Волосы-змеи у ней под кровавой вьются повязкой.
Вяз посредине стоит огромный и темный, раскинув
Старые ветви свои; сновидений лживое племя
Там находит приют, под каждым листком притаившись.
В том же преддверье толпой теснятся тени чудовищ:
Сциллы двувидные тут и кентавров стада обитают,
Тут Бриарей сторукий живет, и дракон из Лернейской
Топи шипит, и Химера огнем врагов устрашает,
Гарпии стаей вокруг великанов трехтелых летают...
В монографии “Этруски” А.Е. Наговицын отмечает: “В Древнем Риме бога Дита связывали с богом Диспатером, который в глубокой древности считался отцом света. Имя Диспатер было одним из эпитетов бога Юпитера. Важно то, что и сам Юпитер и его греческий аналог – царь богов Зевс связываются с древнейшим индоевропейским богом Дейосом, который был богом дневного света и прародителем мира и людей, поэтому Дит, Диспатер, то есть “Отец Дис” и Юпитер, – это один и тот же бог или боги с очень сходными культами и функциями, в силу чего их можно отождествлять. В переводе слово “патер” – отец, поэтому Юпитер – это “Отец-Ю”. Царь Тархон своего бога называл “Отец Дит”, а римляне приравненного к нему бога называли Диспатер – “Отец Дис”.

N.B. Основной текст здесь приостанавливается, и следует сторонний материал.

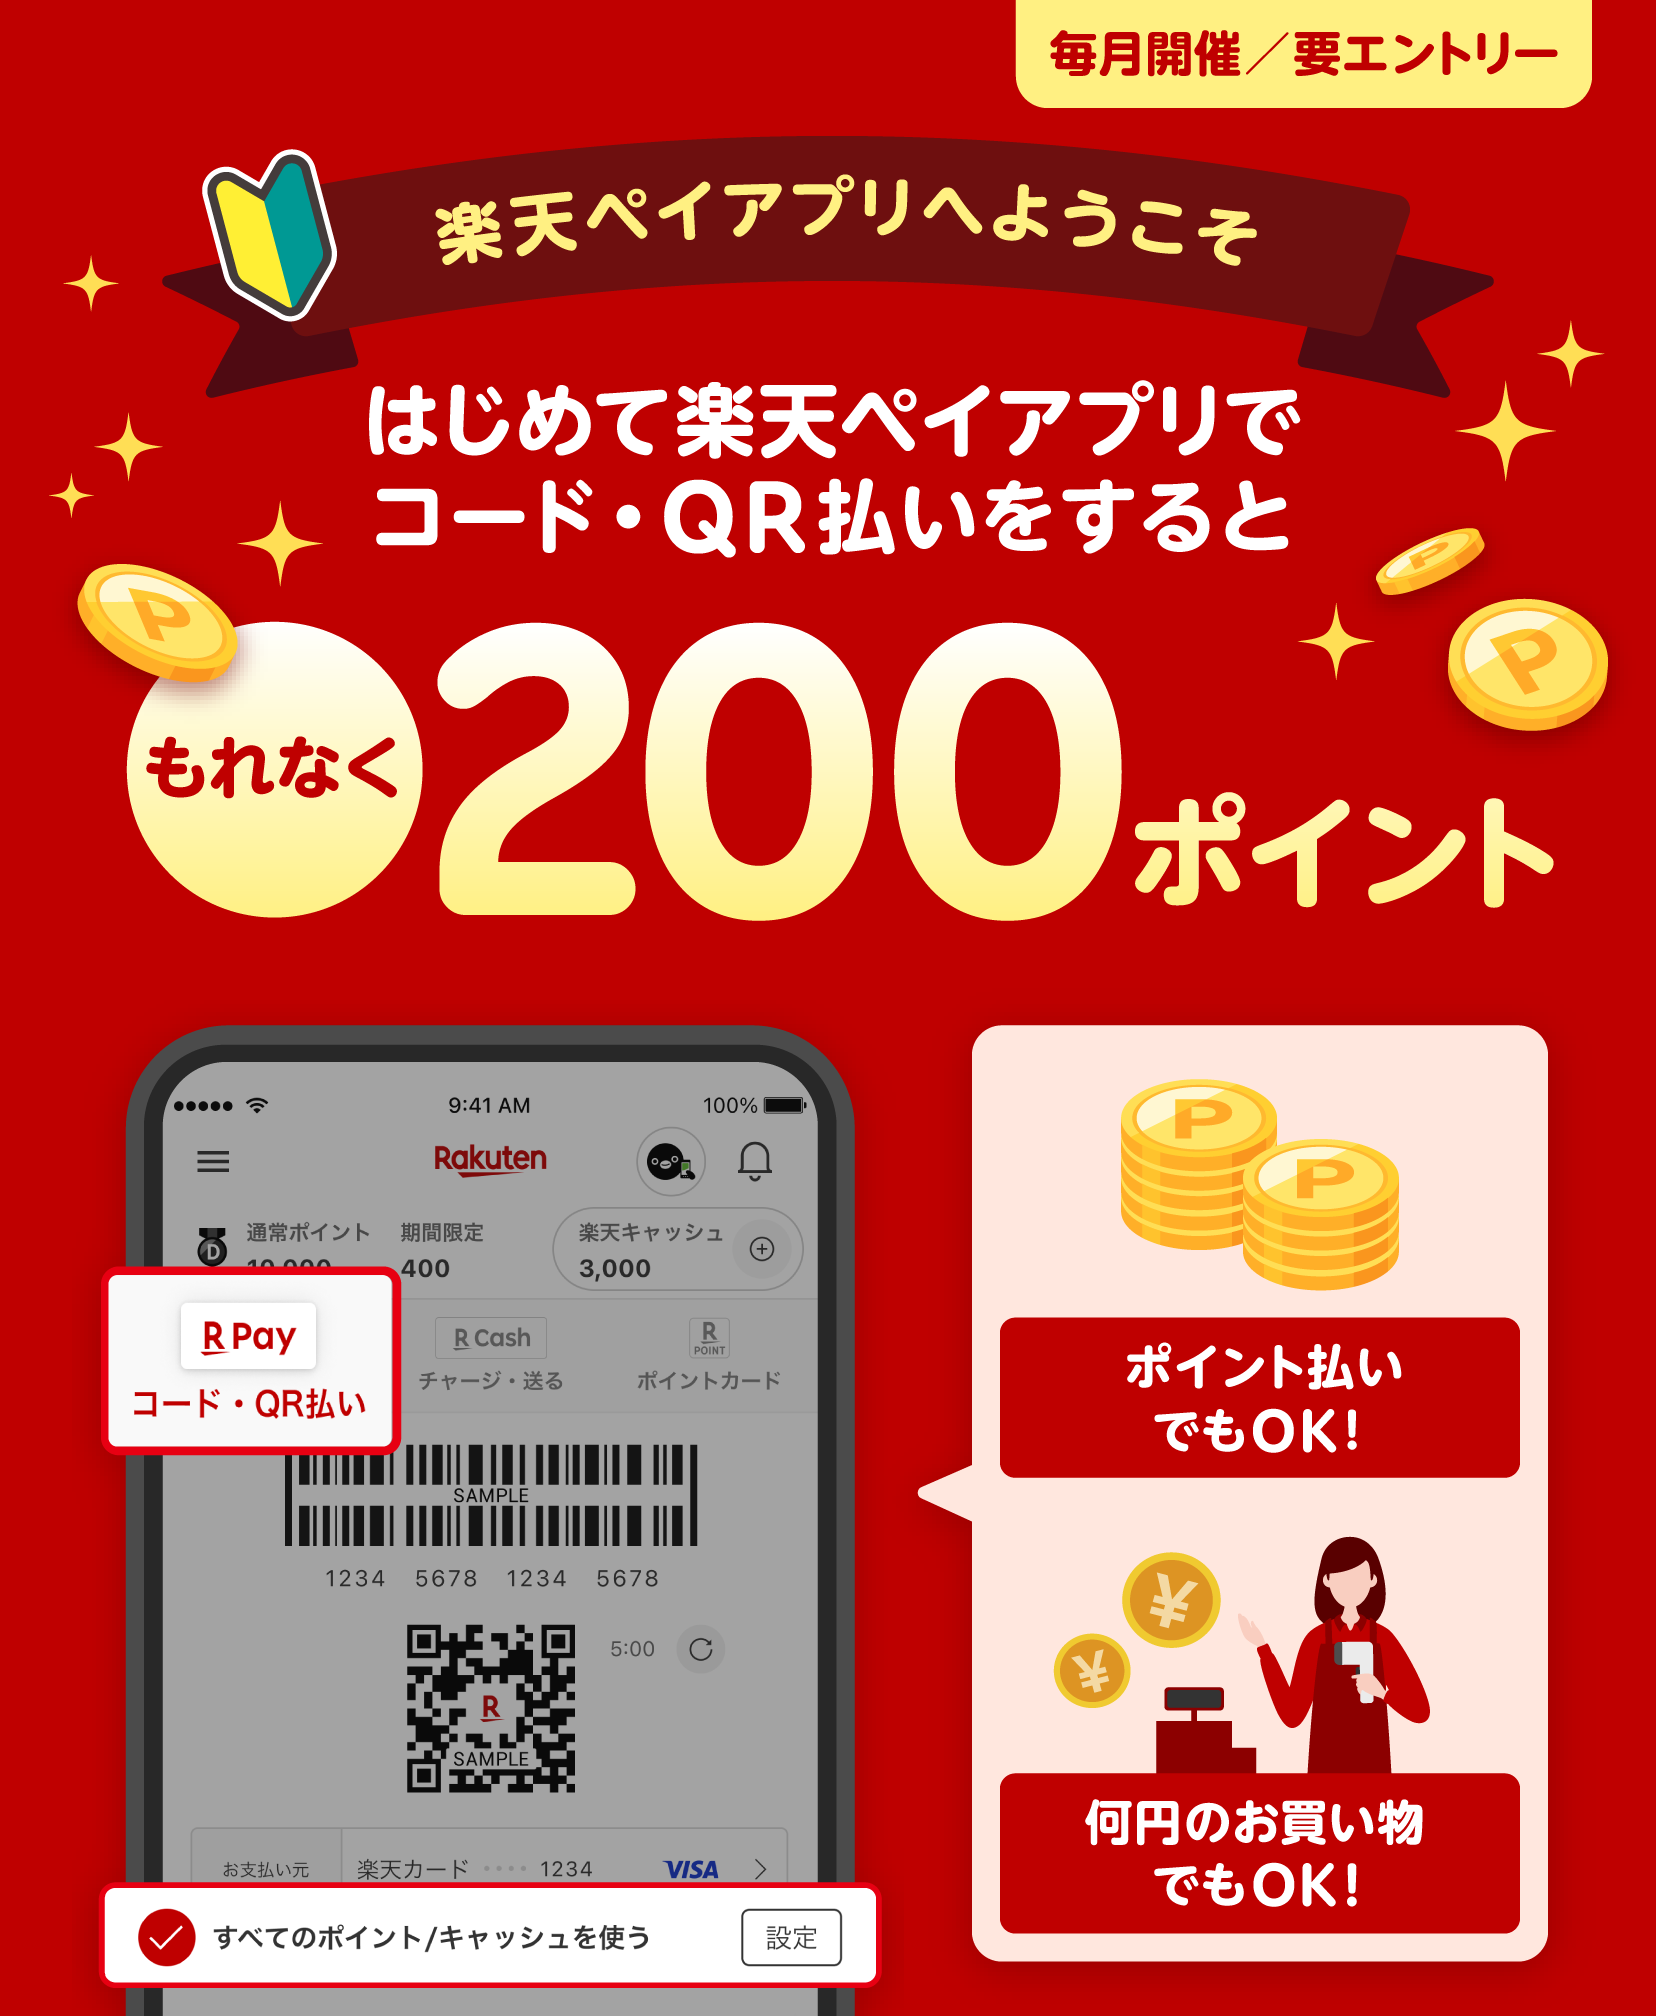 【毎月開催・要エントリー】楽天ペイアプリへようこそ　はじめて楽天ペイアプリでコード・QR払いをするともれなく200ポイント　ポイント払いでもOK！　何円のお買い物でもOK！

Изображение Сераписа-Диспатера из средневекового манускрипта
В древних мифологиях достаточно часто используется мотив смены поколений богов, когда древние боги Неба свергаются в Подземный мир своими сыновьями. Примерами могут служить греческая, шумерская, ассиро-вавилонская, германская и многие другие мифологические системы. Вследствие такой закономерности развития мифологических верований древний бог Диспатер как бы разделился на две своих ипостаси: под именем Юпитер он понимался римлянами как новый верховный небесный бог, под своим древним именем стал старым богом, властителем Подземного мира.
Аид, Плутон, Дит — это темный бог, но у него нет функций разрушителя мира, потому что понятия о конце мира нет в греко-римской Традиции как такового. Кроме того, Аид явно не является ни темным трикстером, ни богом дикой природы, ни магии. Эти функции выполняют Гермес и Геката.
*
Изначально темным властителем преисподней была женщина. Согласно шумерскому мифу, царством мертвых правила ужасная Эрешкигаль, в волосах которой шевелились змеи и изо рта которой выползали личинки мух. Эта шумерская (и вавилонская) богиня отчасти напоминает греческую Медузу Горгону, со змеями вместо волос, один взгляд которой обращал человека в камень. И действительно, в архетипическом контексте они представляют одно и то же. Эрешкигаль, между тем, более известна как мучительница Инанны (или Иштар). Иштар отправилась в подземное царство в поисках своего умершего возлюбленного; но богине любви не сопутствовал успех в царстве мертвых, так как Эрешкигаль не оказала ей теплого приема: она повесила ее на крюк в самой глубокой и темной части ада.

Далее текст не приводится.